#### Exercise details
When you reach the line containing "Honeybee Pollinating a" in the records below, start copying exactly, and stop once you have copied the line containing "Shell V-Power Scott".

#### Record set
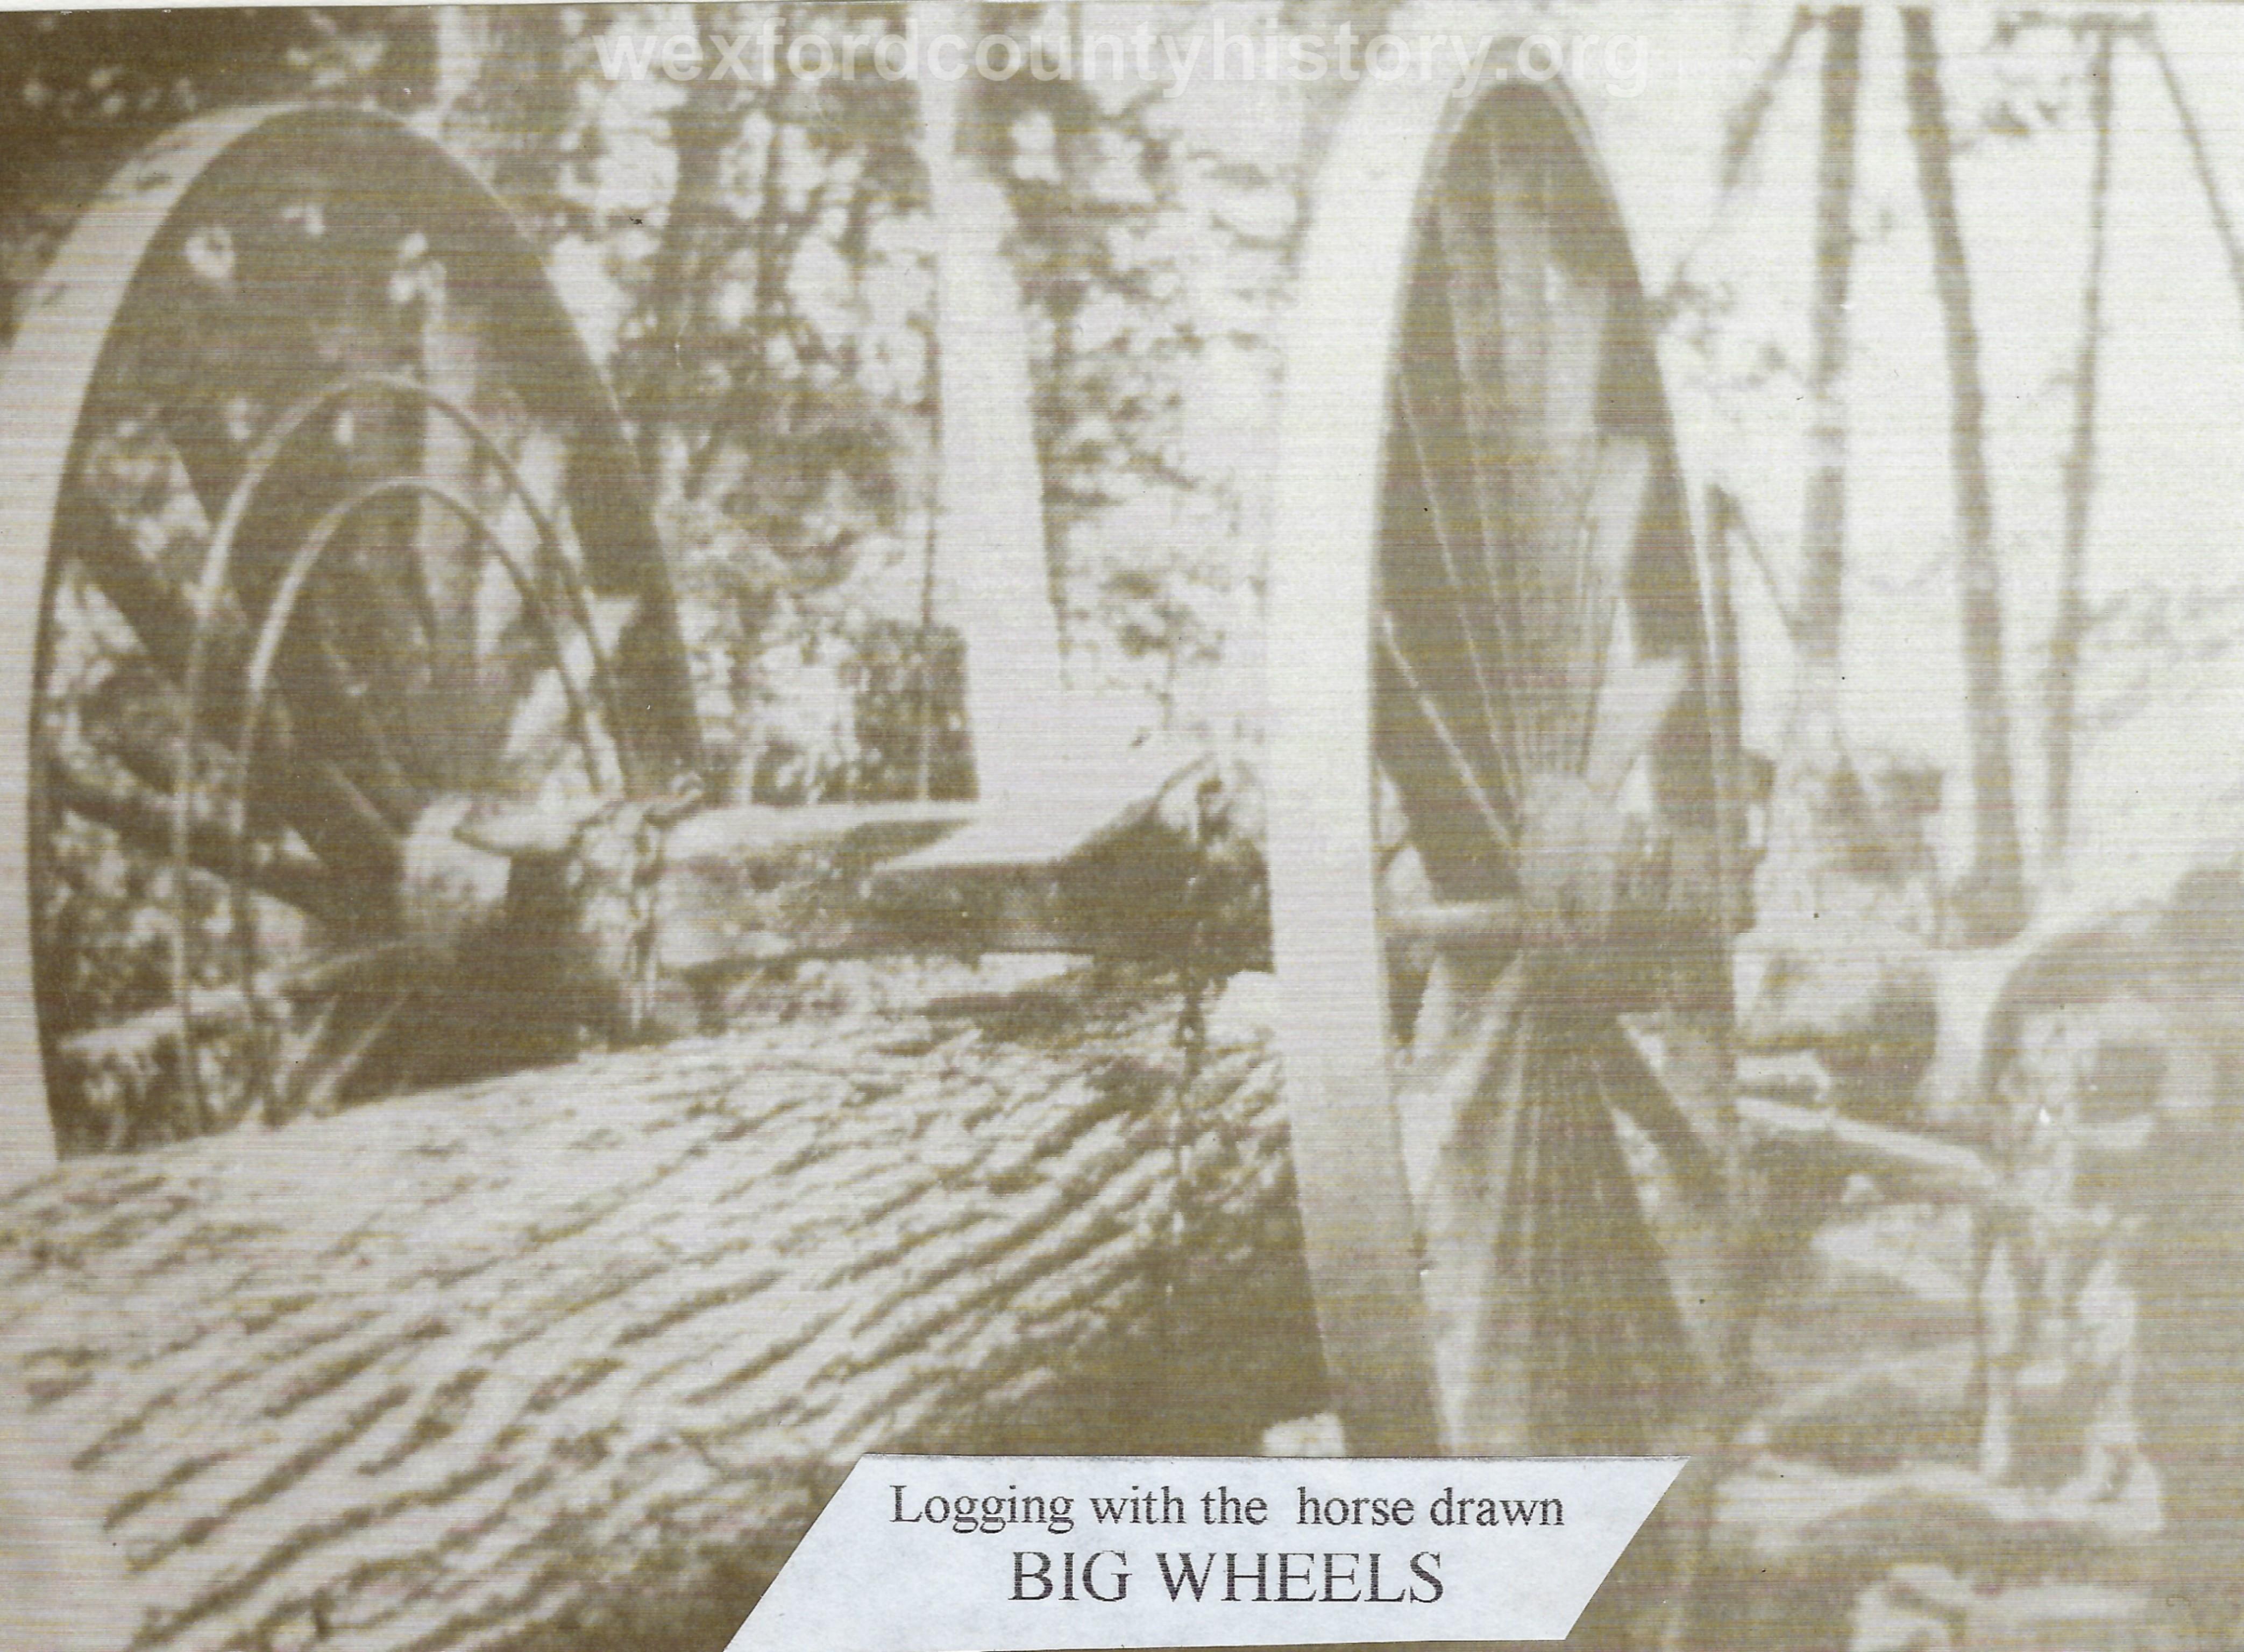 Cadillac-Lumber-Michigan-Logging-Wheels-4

* * *

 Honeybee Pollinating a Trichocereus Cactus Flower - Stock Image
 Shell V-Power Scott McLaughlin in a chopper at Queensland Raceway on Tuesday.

==

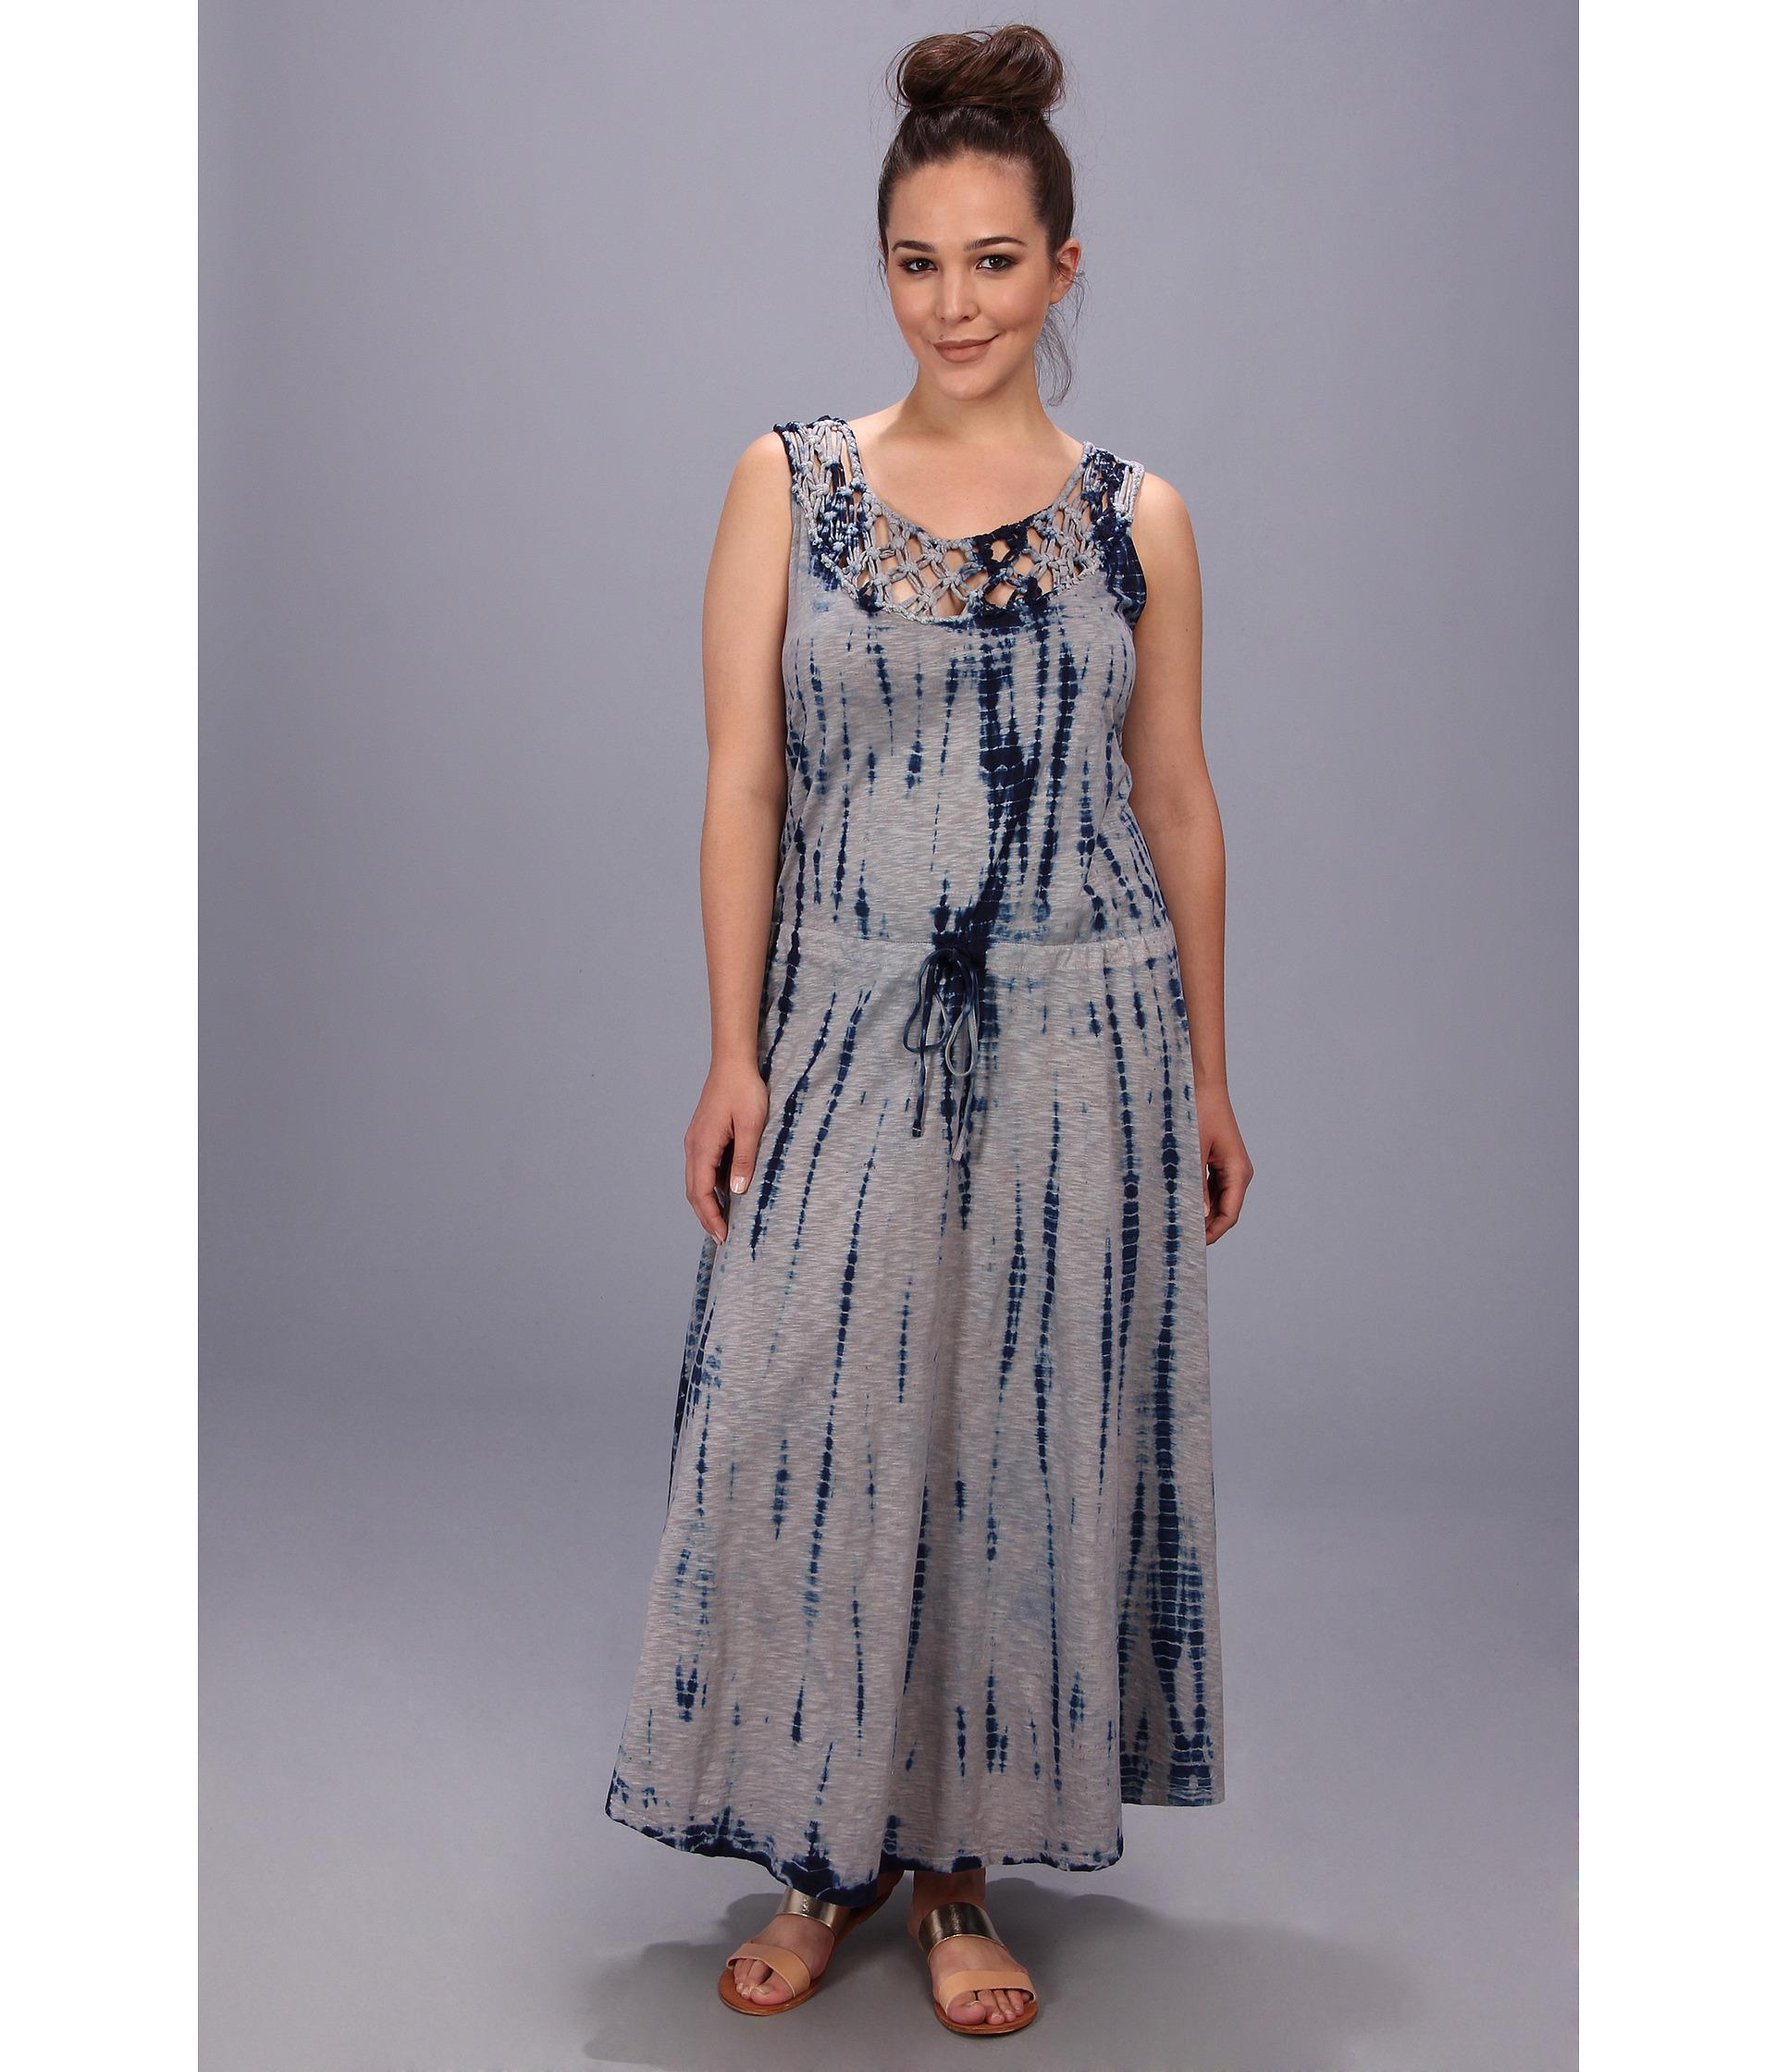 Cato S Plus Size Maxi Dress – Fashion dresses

#### Answer box
 Honeybee Pollinating a Trichocereus Cactus Flower - Stock Image
 Shell V-Power Scott McLaughlin in a chopper at Queensland Raceway on Tuesday.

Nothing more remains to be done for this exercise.